A lot is going on in the background as this deployment must support the dynamic movement of data in a distributed edge-enabled network. While the ambulance moves down the road, data sent from that vehicle must get transferred reliably. Maintaining ongoing contact with the ambulance literally becomes a matter of life and death where the system must guarantee that the information will get picked up by the next MEC down the road.
The Developer’s Dilemma
When it comes to designing applications that make all of that work seamlessly at the edge, we immediately encounter two problems. One is a developmental challenge, the second an operational one.
From a development perspective, you need to tie everything together to create real-time systems that essentially sense, analyze, and act on situations of interest. That’s not easy. Operationally, how do you deploy and then keep this edifice up and running? And how do you make sure that the infrastructure can handle the load as there’s a need for more capacity?

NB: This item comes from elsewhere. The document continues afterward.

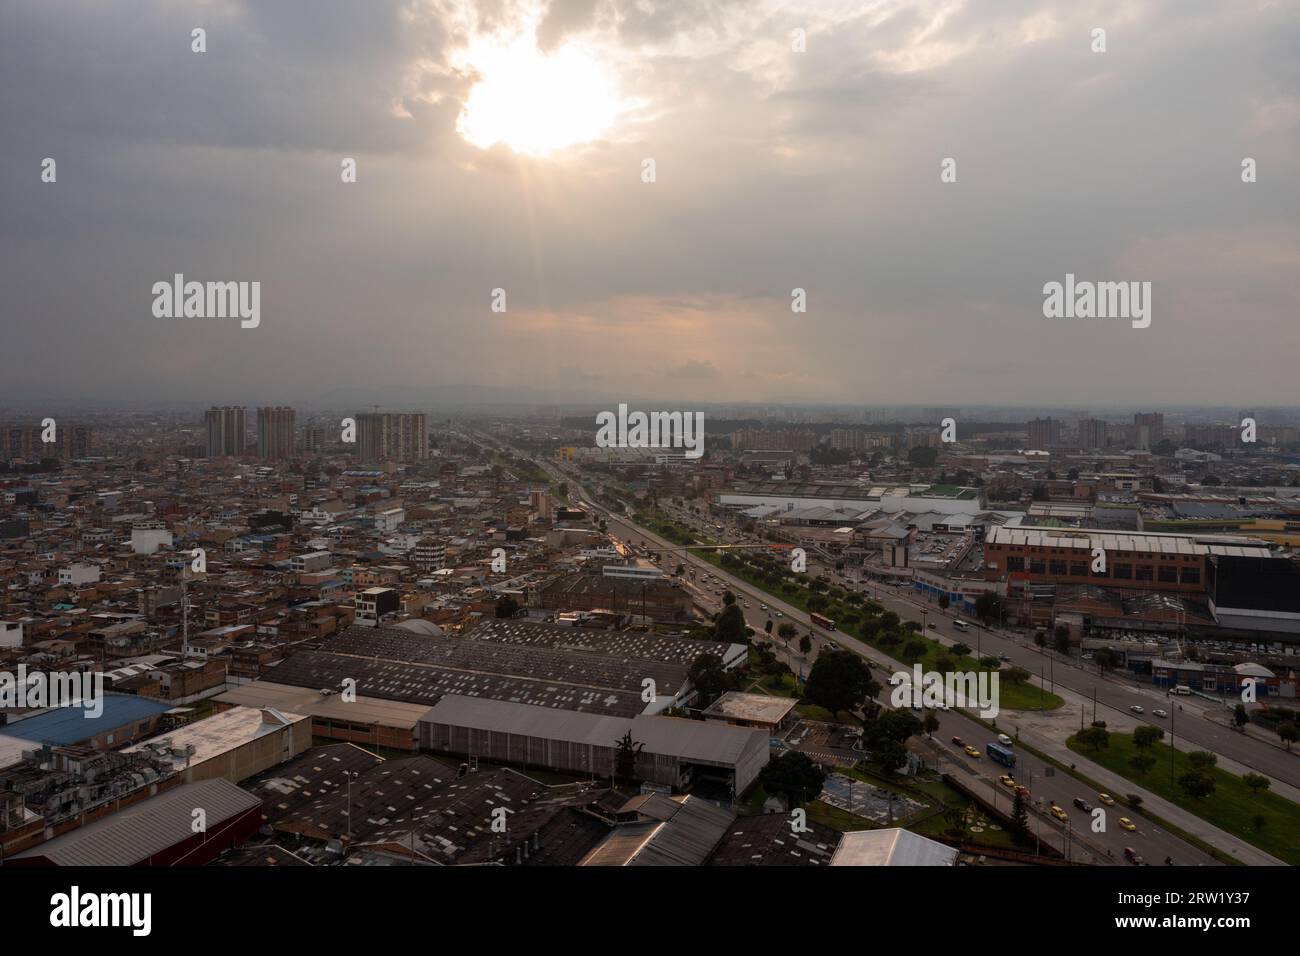 Vista aerea panoramica del paesaggio urbano di Bogotà, la capitale della Colombia. Foto Stock
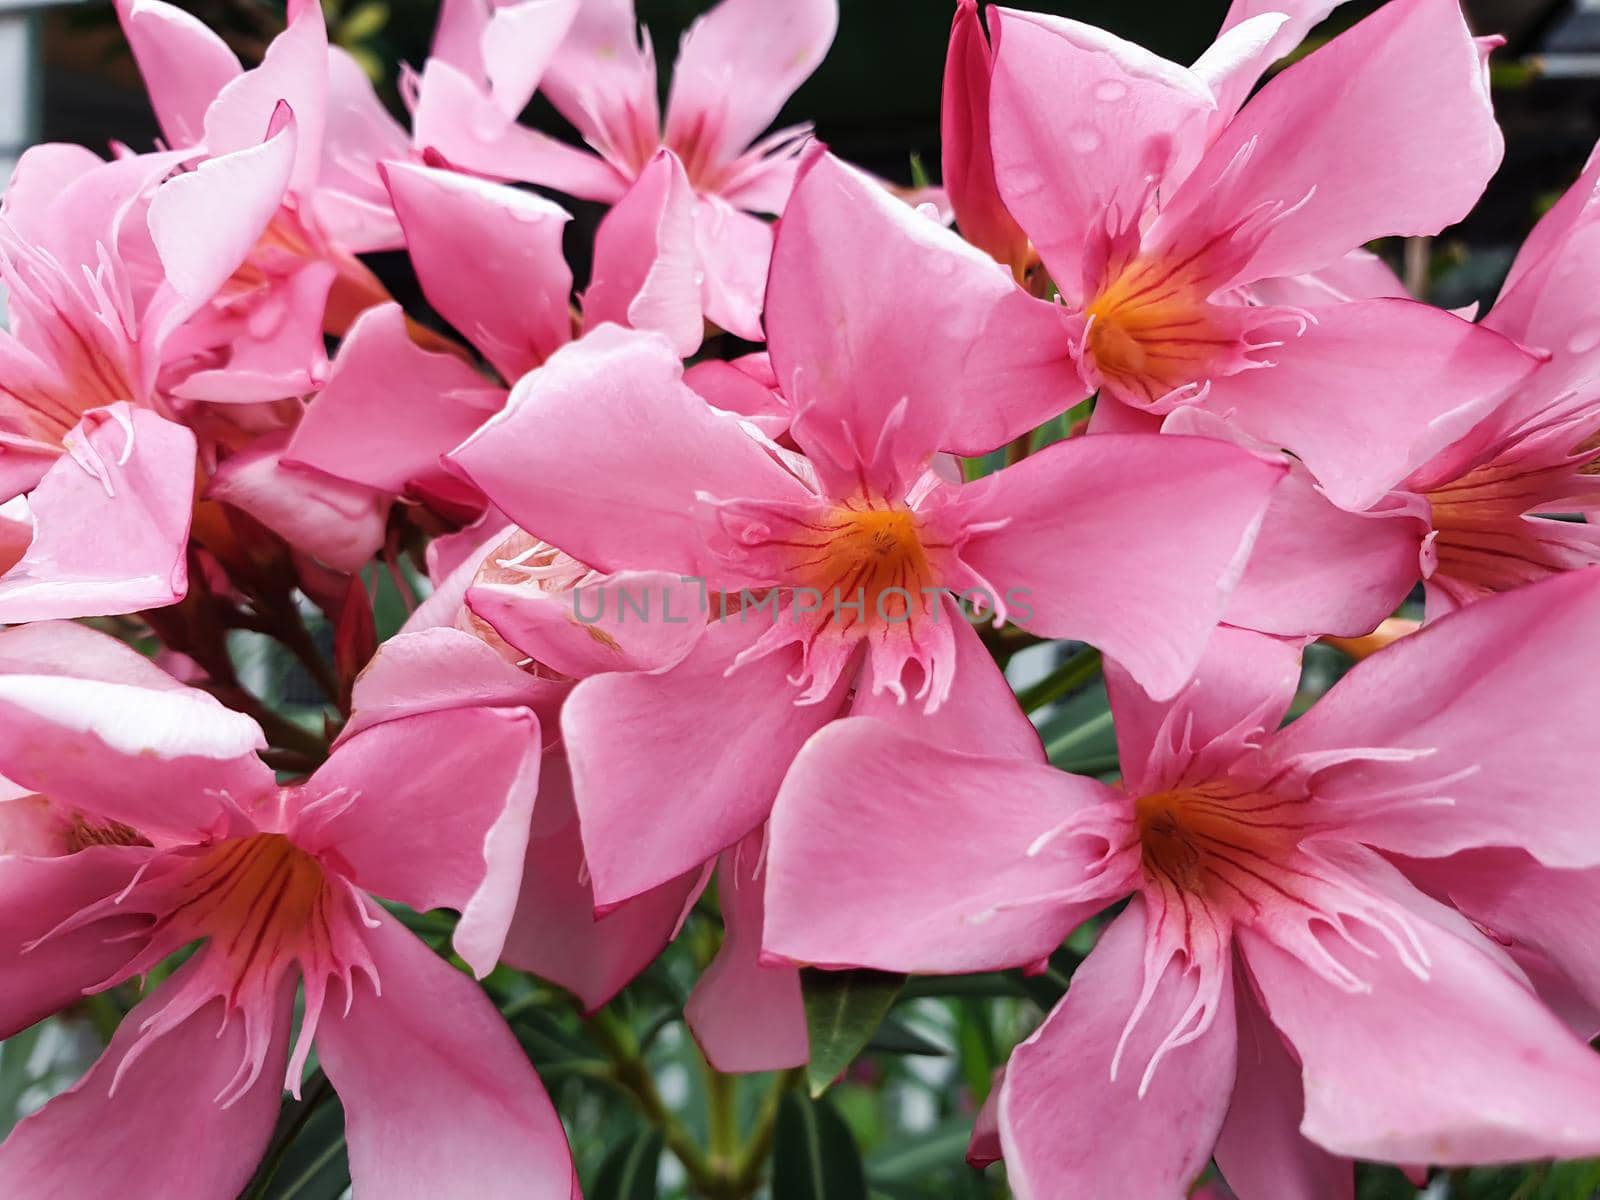 Flower pink color in garden by NongEngEng

Also, an event-driven application in a distributed environment (such as when a connected vehicle changes from one network to the next) needs to be able to share data across multiple administrative domains. That raises new multi-tenancy issues. Do we share data across multiple administrative domains? How do we do that? Am I sharing inside the company or outside the company? My point being, that in a distributed environment, these developmental and operational issues get extremely complex in a hurry.
Think again about the example of our ambulance passing one MEC after another as it speeds to the hospital. The MEC is running the logic – essentially serving as a mini-cloud – where it’s analyzing the streaming data on the patient, such as an EKG. When the vehicle moves from one MEC to the next, however, what we refer to as the “state information” from the ambulance needs to get transferred seamlessly when the ambulance connects to a new MEC, rather than re-calculated from scratch.
Make it Simple
These types of applications are highly complex, and they won’t work with traditional development platforms where a simple application may take months or longer to create. This is the third time in my career that I’m building distributed systems. I did it at Ingres and Forte – and now again at Vantiq – and I can say from experience that it’s incredibly difficult. Things are getting too complex for us to hard code anymore. Even elite coders are discovering that this kind of task is near impossible and would require a series of discrete products to get the job done; and even then, it might take months to finish the project.
Frankly, we need to make coding a lot simpler – to find ways to help developers convert high-level operational processes into a framework for real digital applications.
One way to overcome this hurdle is to embrace an abstracted low-code framework that allows developers to handle the complexity that they’ll face in these kinds of scenarios. These low-code tools allow for a more agile framework that developers can use to create solutions much more quickly. While different forms of low-code have been around for a while, the approach is fast gaining speed thanks to the market’s demand for digitalization, which soared throughout 2020 as businesses accelerated their plans due to the pandemic. It also fits well with the need for speed found in mature agile DevOps practices.
How this unfolds in practice remains unclear, but the debate over the best approach must surface sooner rather than later. We’re fast approaching a future where we’ll need applications that can take advantage of the latest advances in IoT, AI, machine learning, and edge computing. And we’ll be there in a hurry.